There's no need to modify anything. Over the weekend I installed textproc/elasticsearch6 and it worked right away. There was no need to modify anything. I suggest you remove everything you added to /etc/profile as it's likely interfering.


----------



## himay (Apr 9, 2018)

SirDice said:


> There's no need to modify anything. Over the weekend I installed textproc/elasticsearch6 and it worked right away.


I find this on a fresh install as well and it starts without issue.

However, you change the root shell with `chsh -s` to a shell other than /bin/csh (the default) or /bin/tcsh, textproc/elasticsearch6 then fails to find java. I ran into this last night trying to troubleshoot the cause, and I often change my working shells (both user and root) to bash.

For some reason, changing the root shell changes the $PATH being passed to `/usr/local/lib/elasticsearch/bin/elasticsearch` such that java is no longer found.

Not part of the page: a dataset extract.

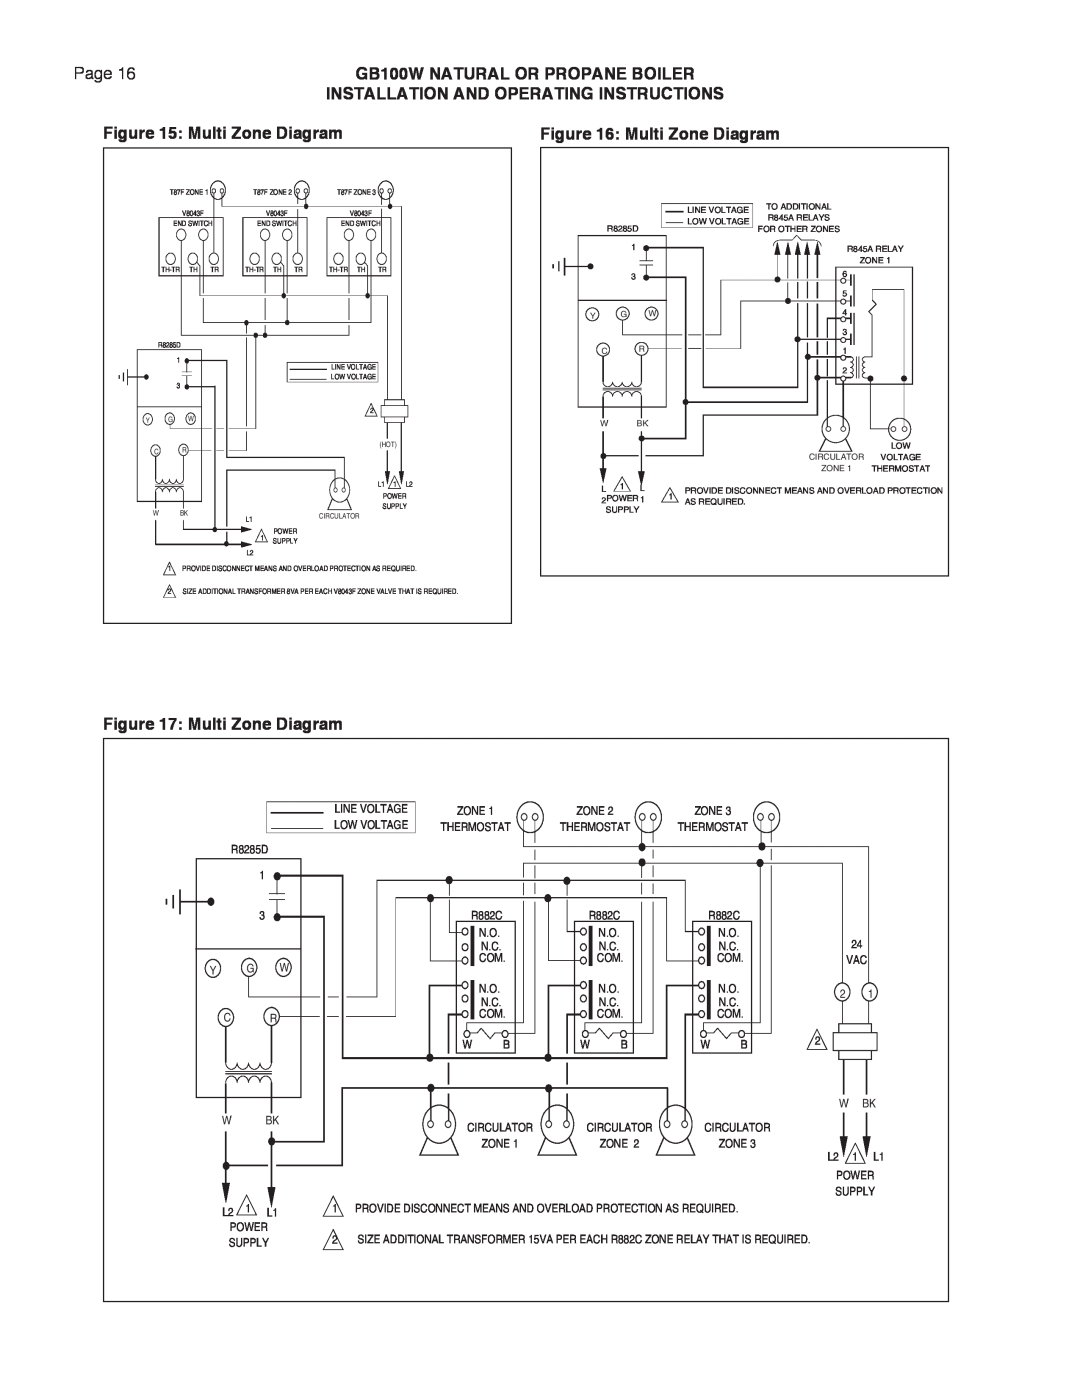 Smith Cast Iron Boilers manual Page, Multi Zone Diagram, GB100W NATURAL OR PROPANE BOILER

I can reproduce this on fresh installations with both:
`# chsh -s /bin/sh`
…and…
`# chsh -s /usr/local/bin/bash`


----------



## Leander (Nov 4, 2018)

himay said:


> I find this on a fresh install as well and it starts without issue.
> 
> However, you change the root shell with `chsh -s` to a shell other than /bin/csh (the default) or /bin/tcsh, textproc/elasticsearch6 then fails to find java. I ran into this last night trying to troubleshoot the cause, and I often change my working shells (both user and root) to bash.
> 
> ...


This is exactly the case. My default shell of root and other users is bash. The issue is still present.


----------



## himay (Nov 5, 2018)

Leander said:


> The issue is still present.


I don't think it will be changing any time soon.
https://lists.freebsd.org/pipermail/freebsd-elastic/2018-May/000070.html


> Changing the root shell is strongly discouraged as many assumptions are made about which shell your root user has.


----------